Cisco Systems wants the H.264 video codec to be the default standard for real-time communications on the Web, and is willing to put up its own money to make it happen.
The giant networking vendor announced Oct. 30 that it is open-sourcing its H.264 codec implementation to enable it to be used for free in Web communications by paying the licensing fee for the codec to MPEG LA rather than passing it along to users. In addition, Cisco is releasing a plug-in for open-source developers who want to use H.264 for free.
Mozilla officials said they will enable Firefox to use the module, which will bring H.264 support to the browser.
Cisco's move is a significant one for bringing widespread use of real-time communications to the Internet. WebRTC is an emerging standard that appears to be the one that will allow such communications.
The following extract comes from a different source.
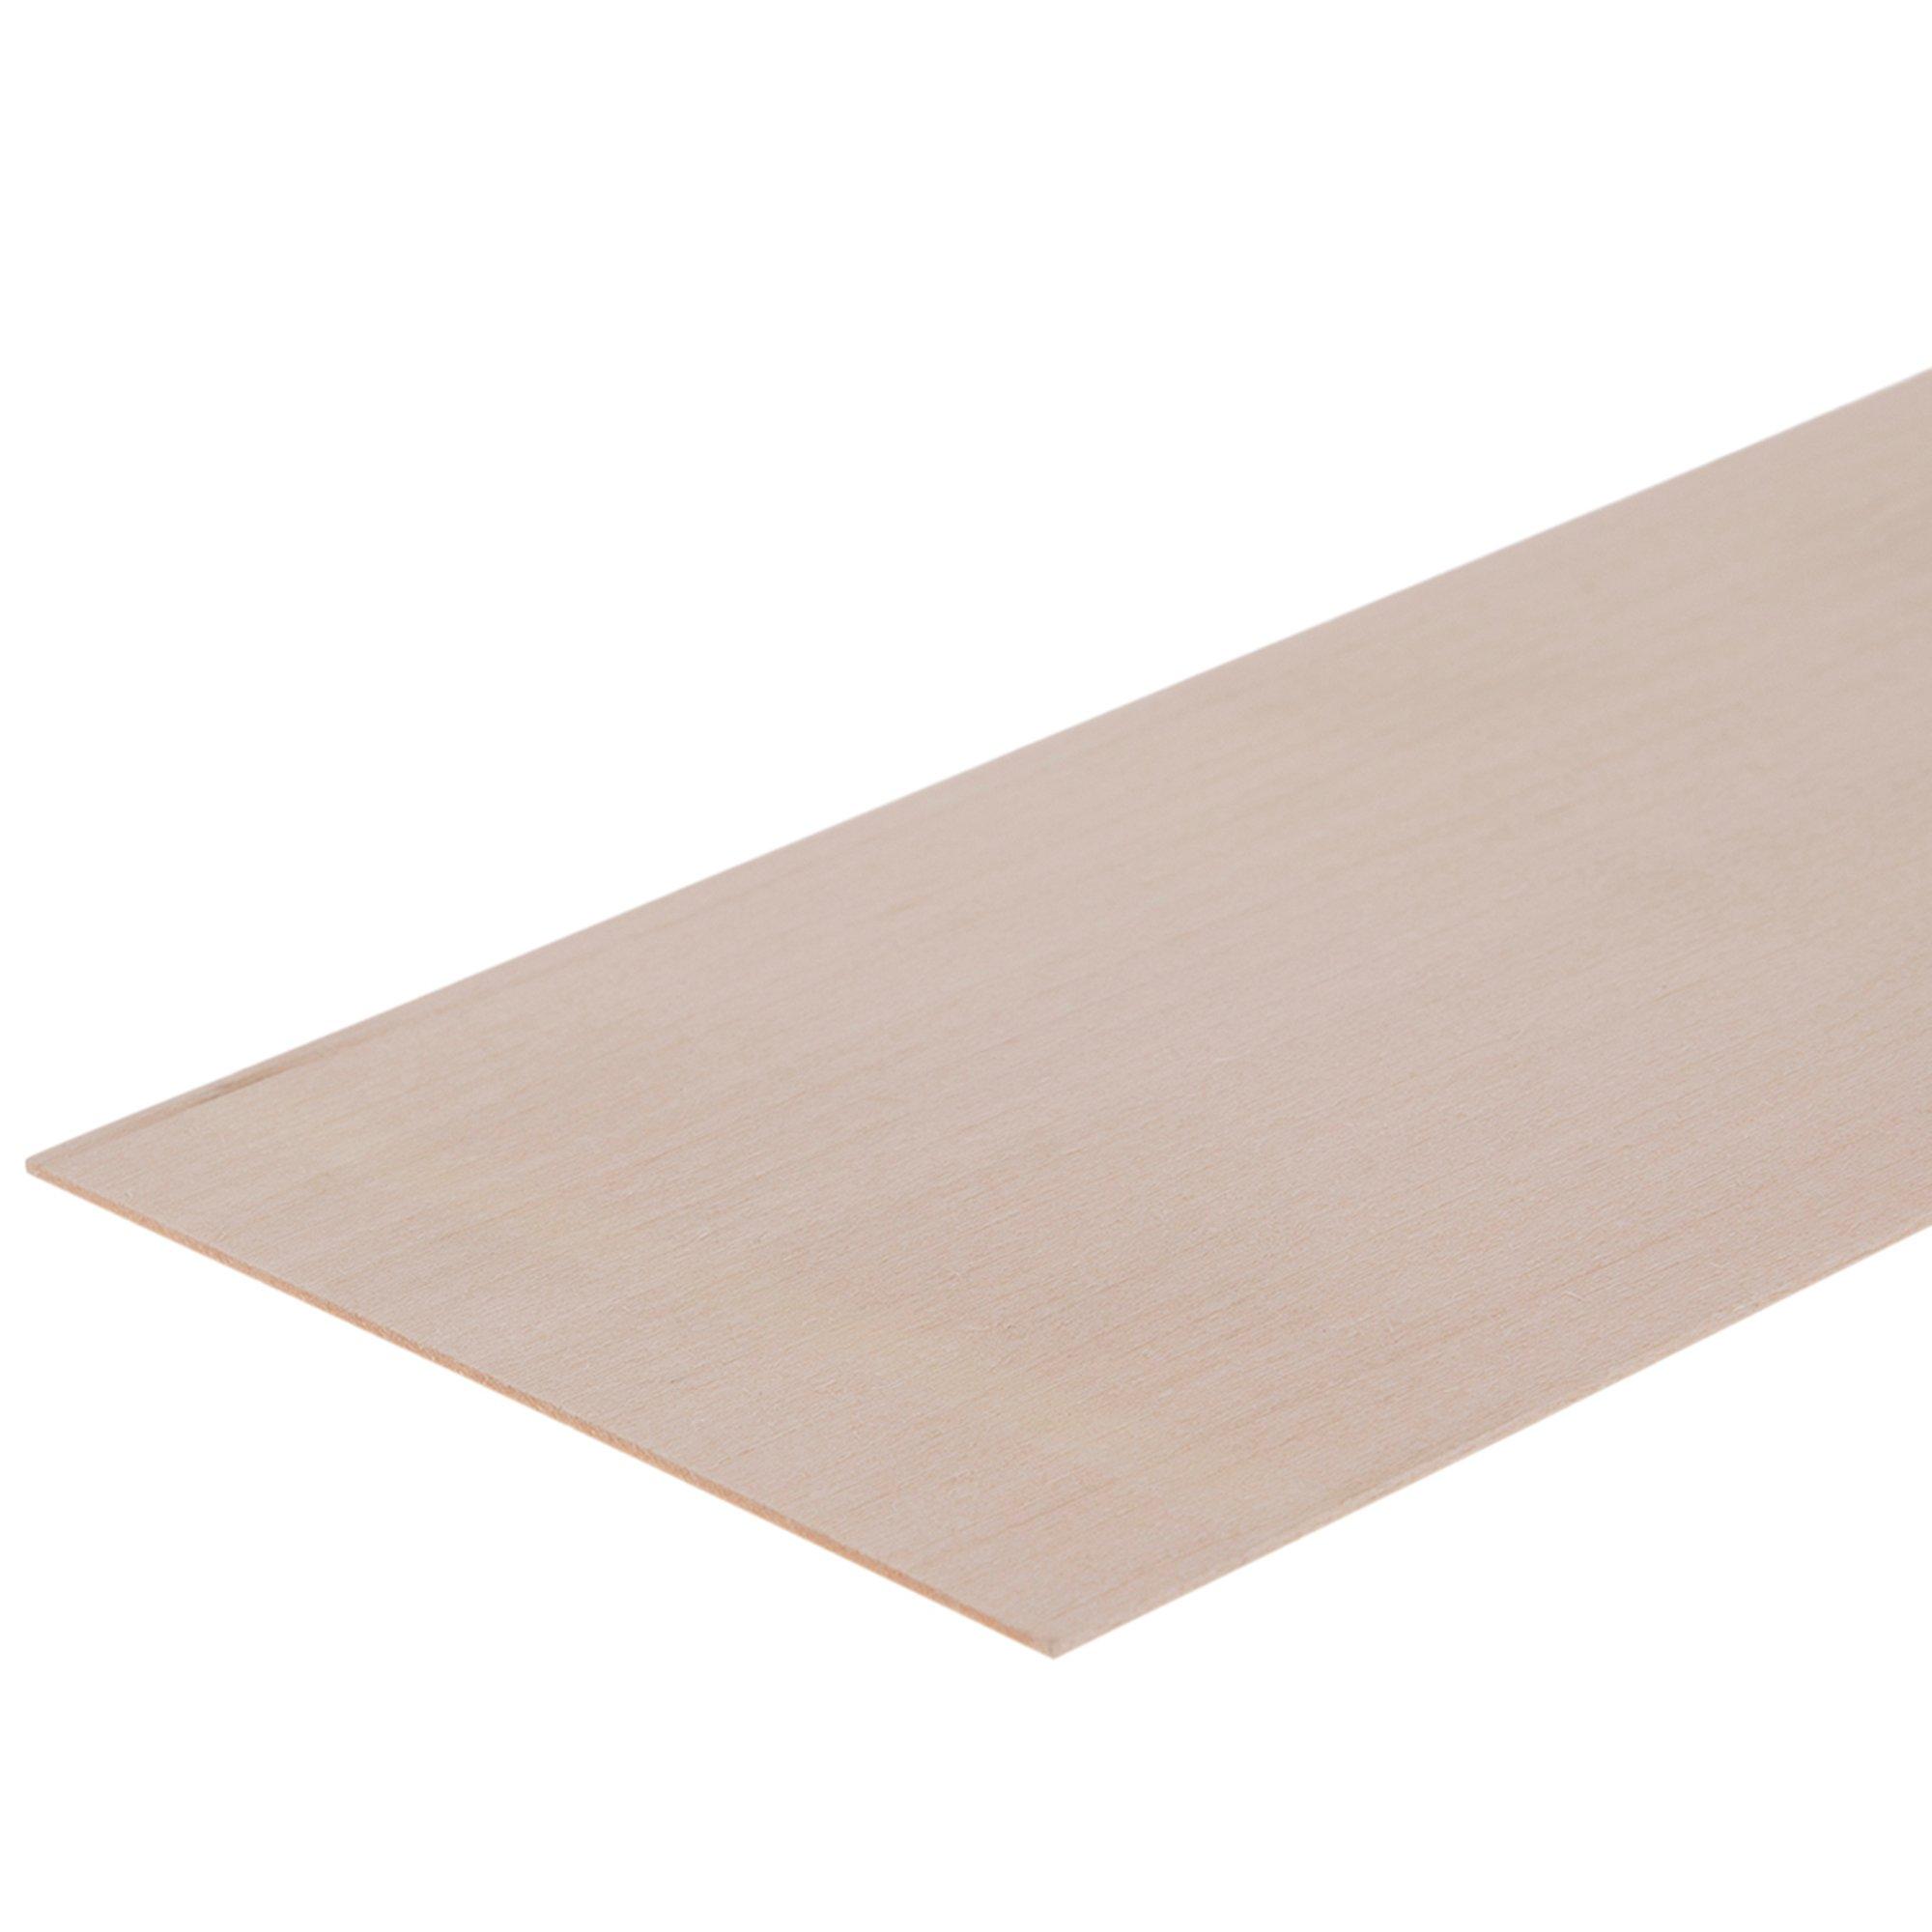 Basswood Sheet 3/8in x 3in x 24in (Pack of 5)
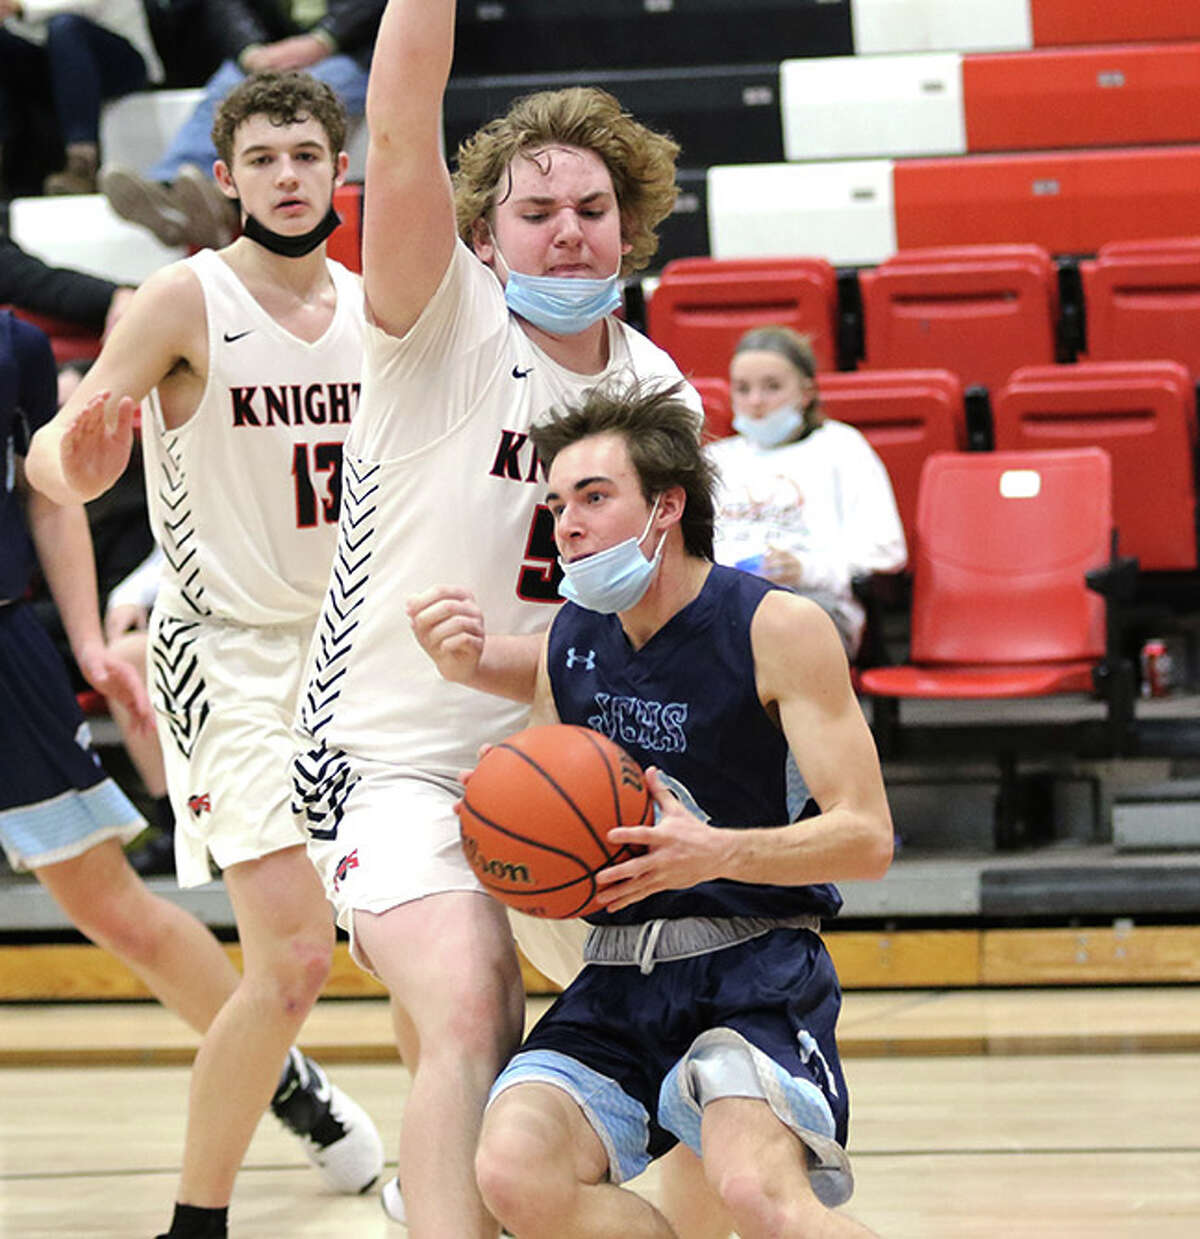 Jersey's Drake Goetten (right) drives baseline and looks for options against Triad's 6-7 Lane Mahnesmith in the second half Friday night at Rich Mason Gym in Troy.

WebRTC essentially enables users to communicate over the Web via browsers rather than having to download software to make the collaboration happen.
At issue has been what video codec will become the standard for WebRTC. There are royalty-free standards like VP8, which is supported by Google, the driving force behind WebRTC. However, H.264 is much more widely used, but it comes with the need for a license from MPEG LA. By open-sourcing its own implementation of H.264 and paying the royalties to MPEG LA, Cisco is removing the licensing hurdle to making H.264 the de facto codec.
"The industry has been divided on the choice of a common video codec for some time, namely because the industry standard—H.264—requires royalty payments to MPEG LA," Rowan Trollope, senior vice president and general manager for Cisco's Collaboration Technology Group, said in a post on the company's blog. "Today, I am pleased to announce Cisco is making a bold move to take concerns about these payments off the table."
Cisco's announcement comes a week before the Internet Engineering Task Force (IETF) begins debating the issue of which video codec should become the standard for WebRTC. Trollope said the move to open-source its H.264 implementation and release the binary module dovetails with Cisco's larger collaboration strategy of creating technologies "that are incredibly easy to use and make that technology broadly available to everyone in the world—from the largest companies to the smallest businesses."
"Many, including Cisco, have been backing H.264, the industry standard which today powers much of the video on the Internet," he wrote. "We strongly believe that interoperability is an essential goal of standards activities and that usage of H.264 by WebRTC means it will be able to interconnect, without transcoding, to a large set of existing clients from a multitude of vendors."
Mozilla officials said they were pleased with Cisco's decision to open-source the H.264 implementation.
"Interoperability is critical on the Internet, and H.264 is the dominant video codec on the Web," Mozilla CTO Brendan Eich wrote in a post on the company's blog. "The vast majority of HTML5 streaming video is encoded using H.264, and most softphones and videoconferencing systems use H.264. H.264 chipsets are widely available and can be found in most current smartphones, including many Firefox OS phones."
Eich wrote that "interoperation of copious H.264 content across OSes and other browsers" is important to users, and that Mozilla is working to integrate the Cisco-hosted H.264 binary module and expects to have something for users in early 2014.
At the same time, Mozilla will continue to support VP8 for both the HTML video element and WebRTC. "VP8 and H.264 are both good codecs for WebRTC, and we believe that at this point, users are best served by having both choices," he wrote.